Exercise directions.
Once you find the line below that has "Prada Light Nylon", output it and every line after it exactly, stopping after the line that has "10880円 全国どこでも送料無料 NEC", with no pictures.

Data.
——
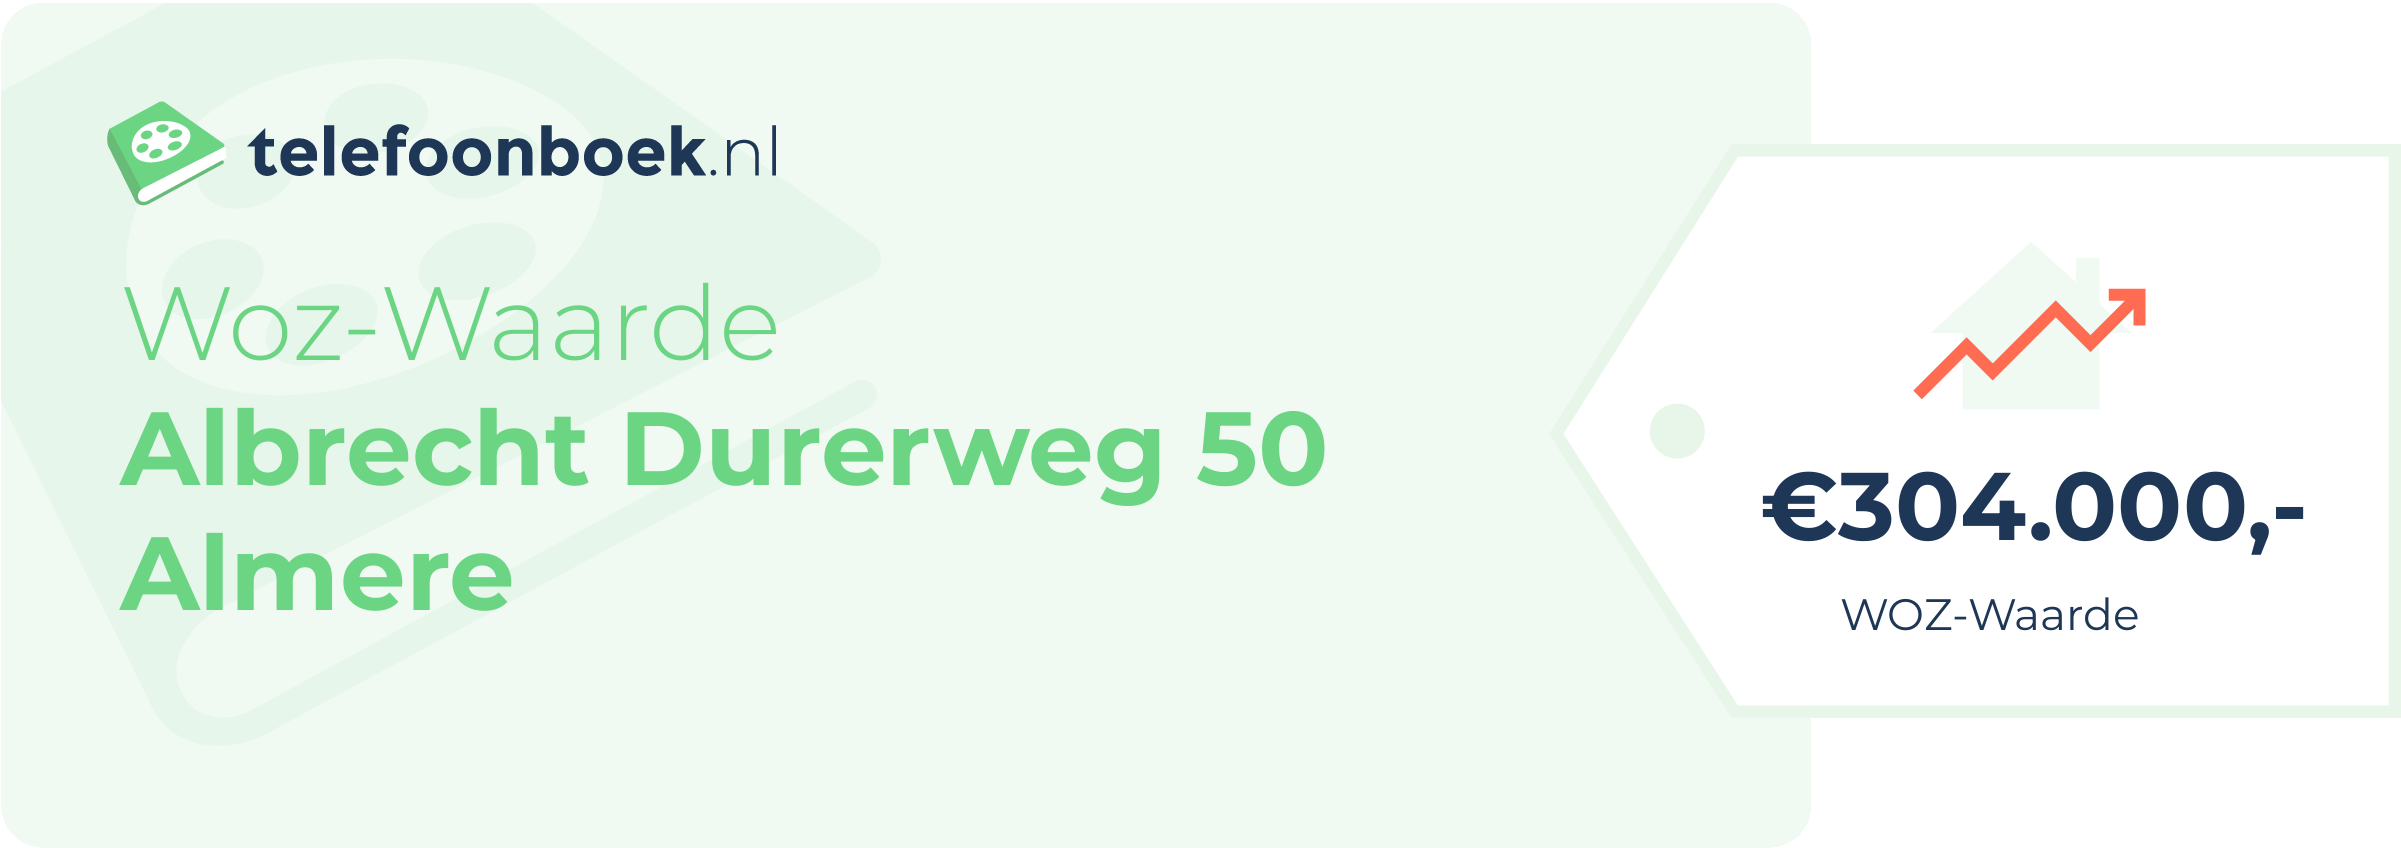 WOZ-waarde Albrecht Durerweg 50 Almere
——
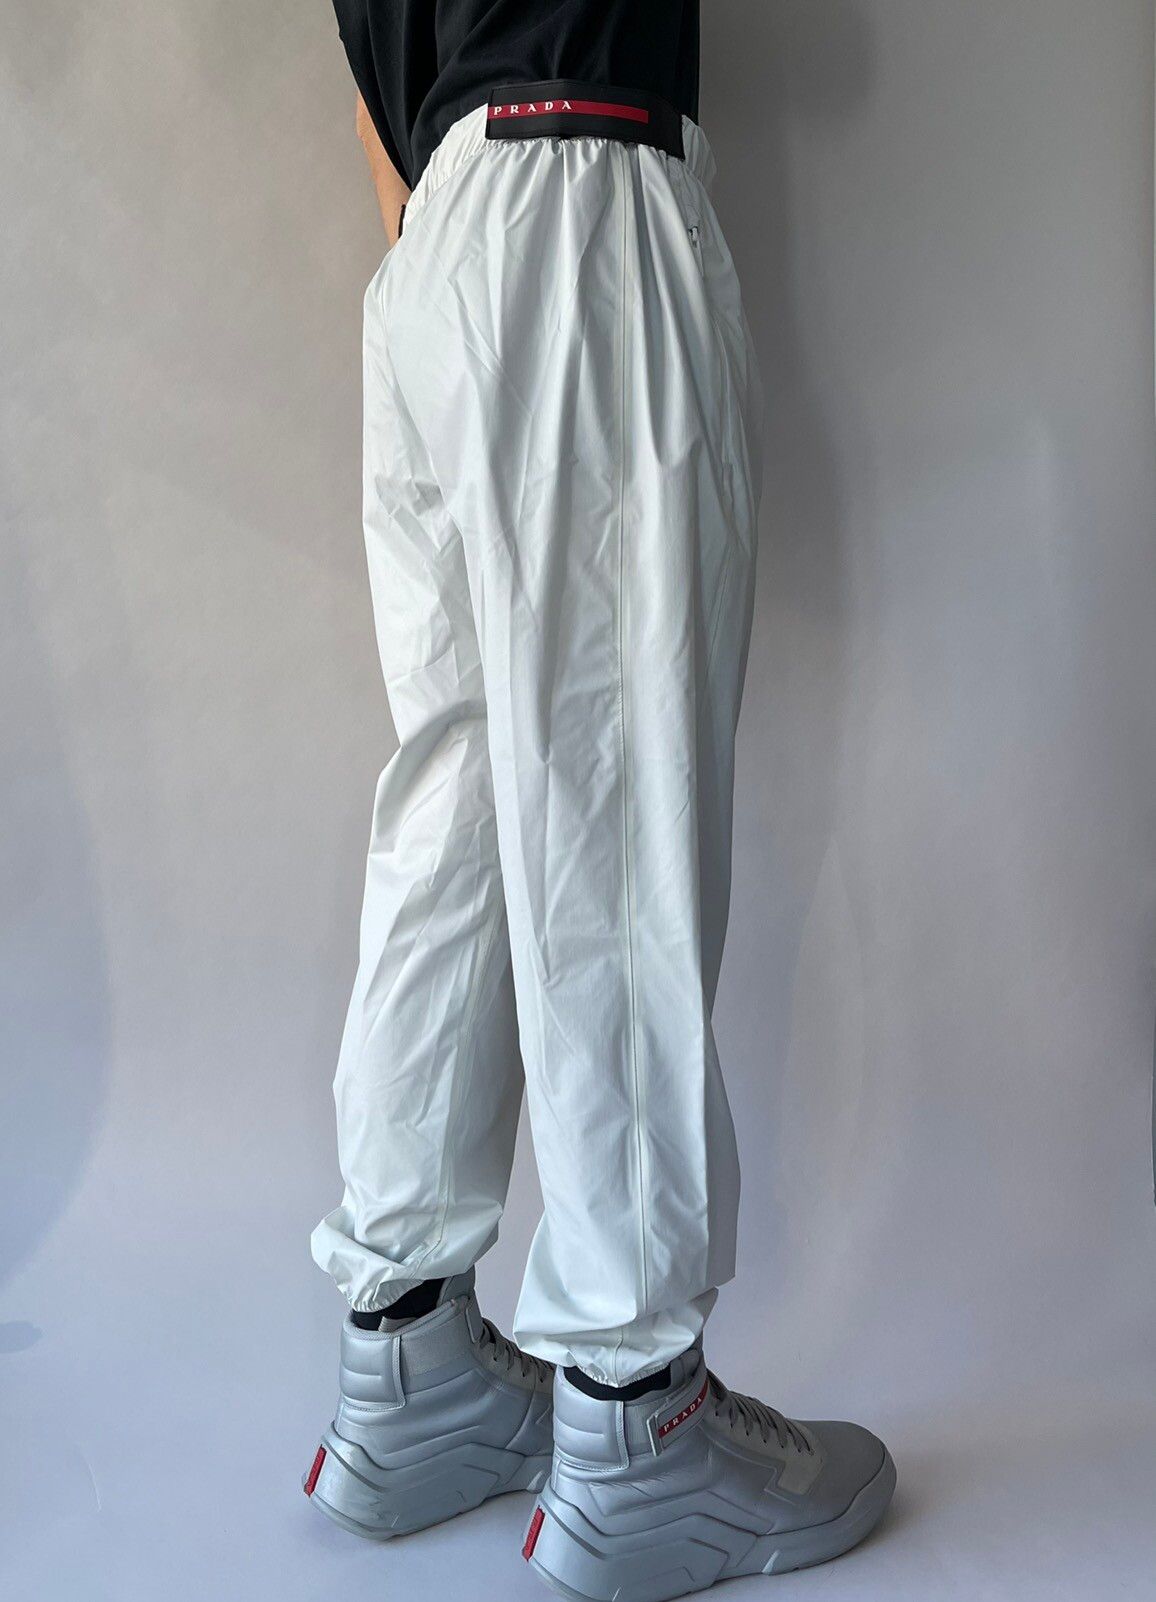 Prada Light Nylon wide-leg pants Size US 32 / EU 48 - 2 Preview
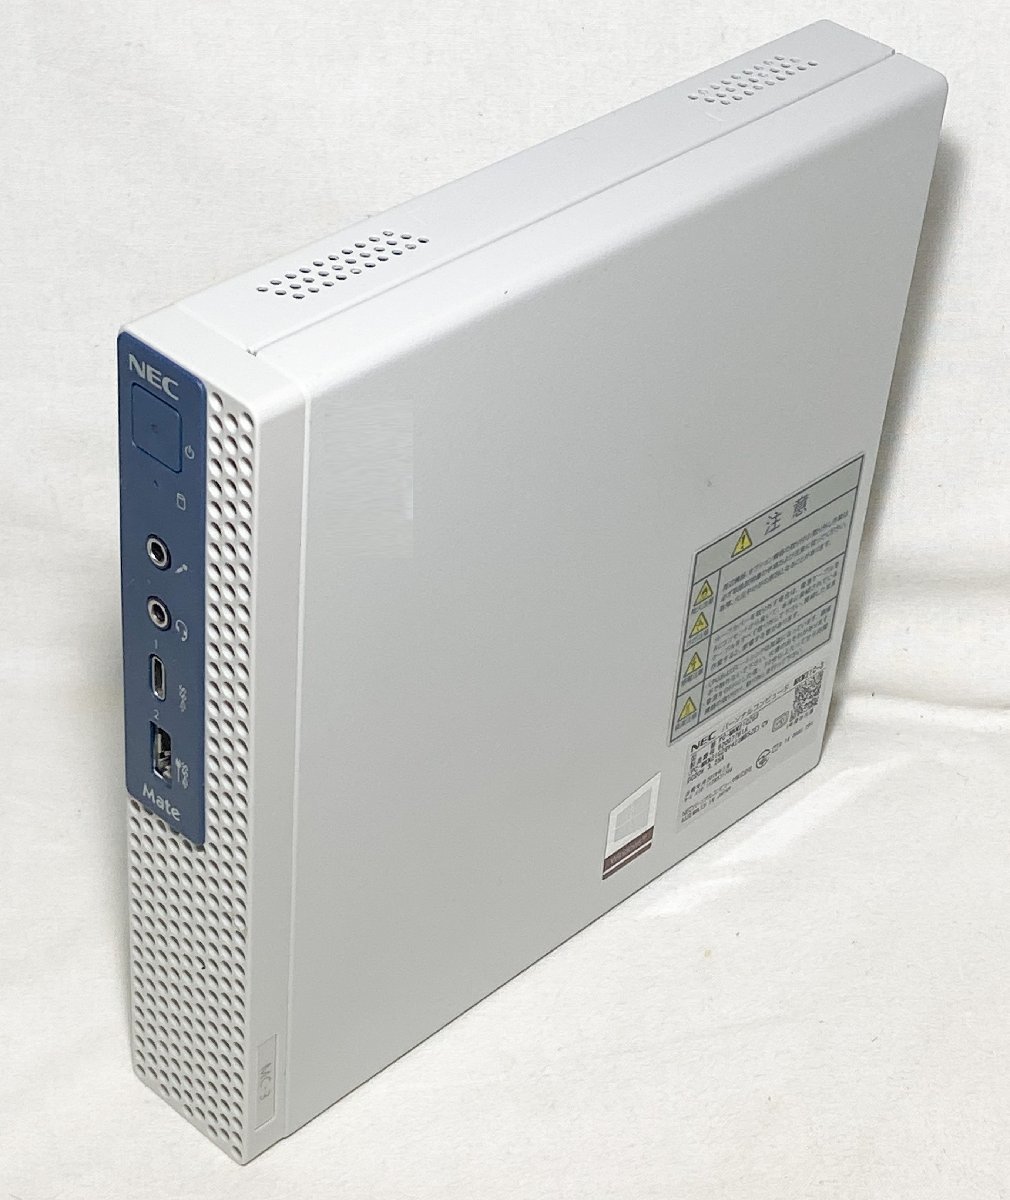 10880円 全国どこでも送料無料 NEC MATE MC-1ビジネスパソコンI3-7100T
——
Solution to the problem.
 Prada Light Nylon wide-leg pants Size US 32 / EU 48 - 2 Preview
 10880円 全国どこでも送料無料 NEC MATE MC-1ビジネスパソコンI3-7100T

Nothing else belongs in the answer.